En general, el camino de ellas es mucho más llano. Están digitadas o hechas para matizar o sostener la indolencia y el escepticismo de los hombres. Resulta evidente que unos y otras ocupan diferentes planos y producen tensiones distintas, pero tienen en común su destino último. Les iguala el miedo. Miedo al desamor, a la declinación física y al que concita, en especial, el más infranqueable de los misterios, del que nada se sabe y del que nadie se evade. Tal vez la misma clase de miedo que le permitió a Onetti urdir sus historias y construir una voz para trascender el olvido y burlar al fracaso.

Títulos memorables como El pozo, El astillero, Juntacadáveres y Dejemos hablar al viento podrían considerarse libros clave de la narrativa uruguaya. De hecho, no se puede hablar de literatura rioplatense sin hacer referencia a la importancia que alcanzó la obra de este autor, el más destacado de la Generación de 1945 y uno de los escritores de mayor gravitación en lengua castellana.

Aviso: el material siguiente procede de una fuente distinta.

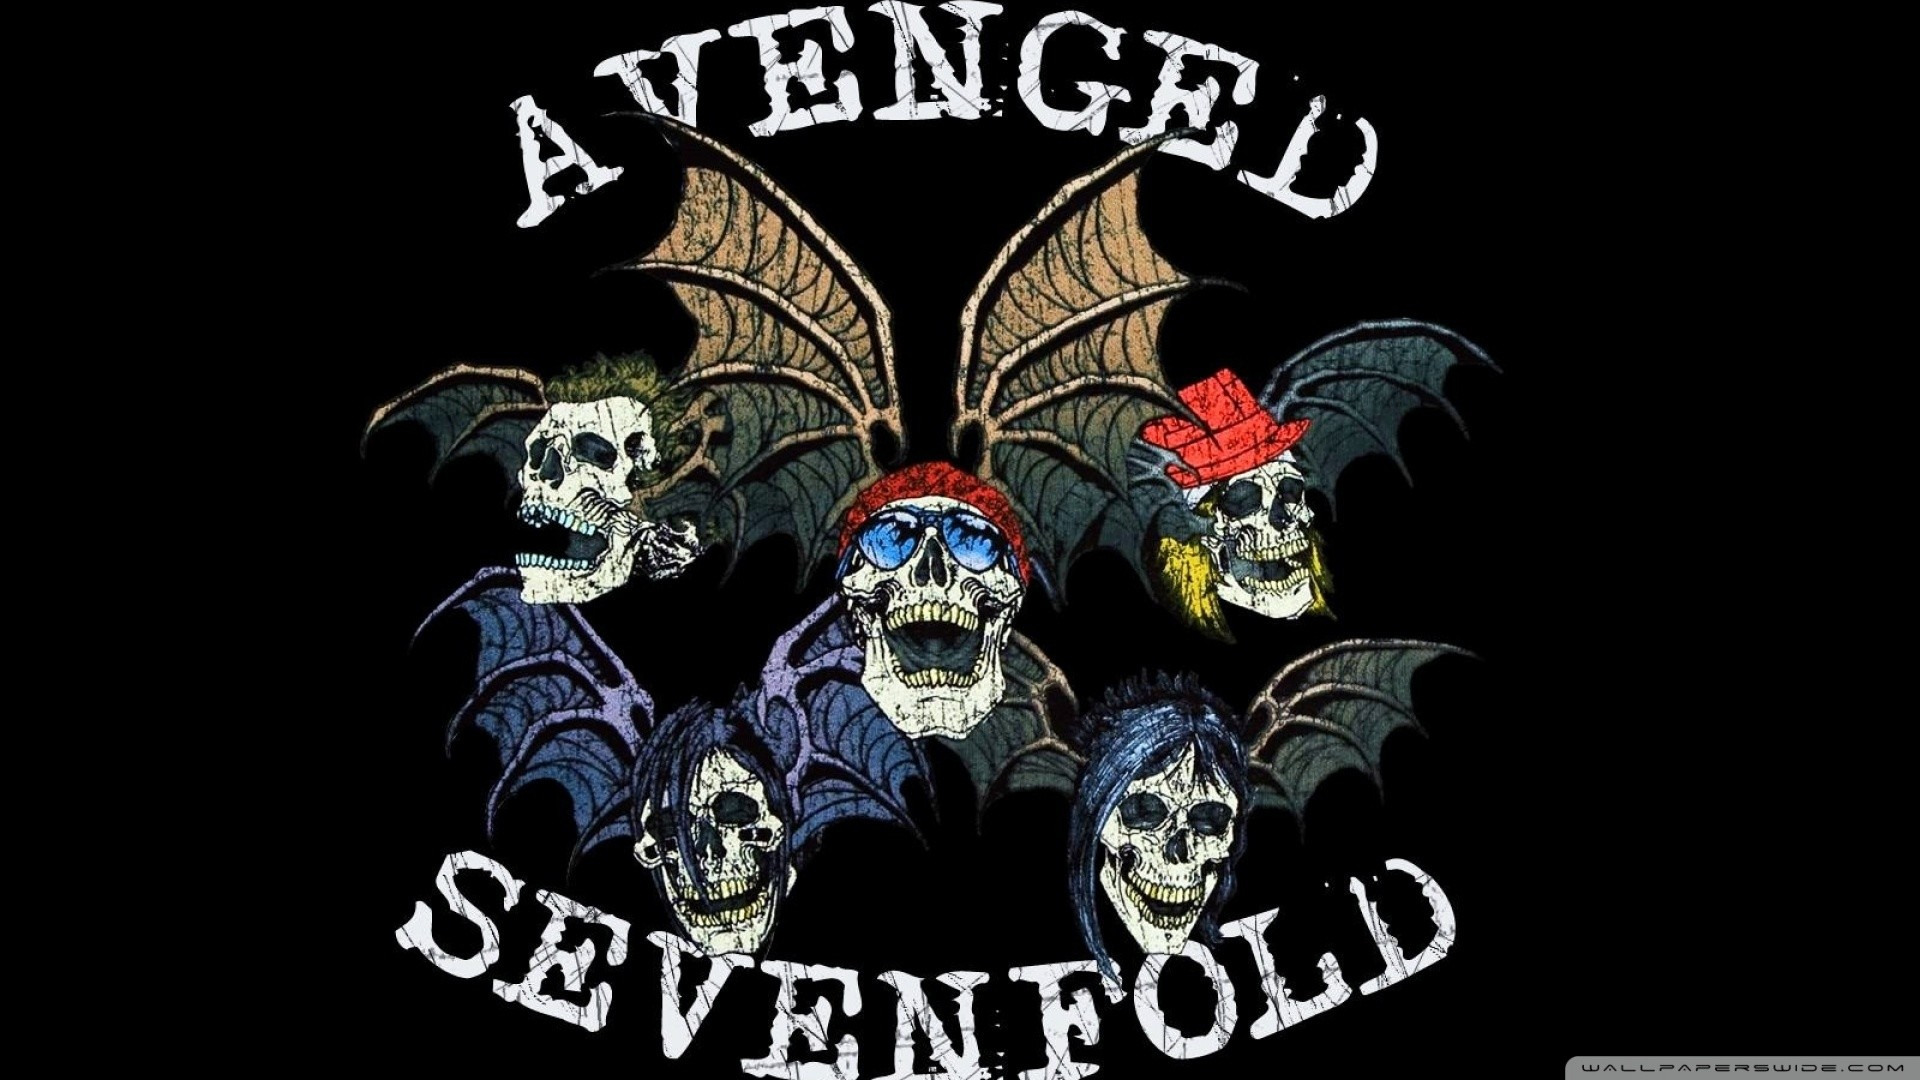 … Avenged Sevenfold Logo HD desktop wallpaper : Widescreen : High … Avenged  Sevenfold Logo HD desktop wallpaper : Widescreen : High .

En El pozo (1939), simiente de toda su obra, Onetti esboza en Eladio Linacero la esencia de sus futuros protagonistas. Hombres encerrados en las minucias de su propio yo, que intentan sin éxito contener la náusea que les produce el viraje ineludible hacia el infierno. Luego, con La vida breve (1950), y al inaugurar la saga de Santa María, centro mítico anterior a Comala de Rulfo y Macondo de García Márquez, los personajes se trasladarán de una historia a otra, recorrerán las mismas calles tras un respiradero que los aleje del abismo. El absurdo y la idea del viaje como búsqueda de un lugar propicio y una identidad verdadera mudan de una novela a otra.

Inmersos en la desidia, Díaz Grey, Brausen, Barrientos, el viejo Petrus, Medina y sus amantes ven cómo se consumen recuerdos y sueños. Han nacido, como dice Carr, el narrador de Cuando ya no importe, para ser “fracasados irremisibles”. La muerte, siempre anunciada en Onetti, se convierte aquí en protagonista. Carr es la reencarnación del espíritu de muchos de sus personajes anteriores, individuos atrapados en una trama perpetua de incomunicación, vacío e ilegalidad. Ni siquiera ciertas prebendas temporales, ese milagro que va y viene constituido por el amor o simplemente el acto sexual, podrán distraerlo o compensarlo, aliviar el peso de esa conciencia -que en Carr es serena- de que el final está próximo. Por eso, esta obra, su “testamento literario”, es posiblemente la más perfecta, epítome singular de una trayectoria inmensa.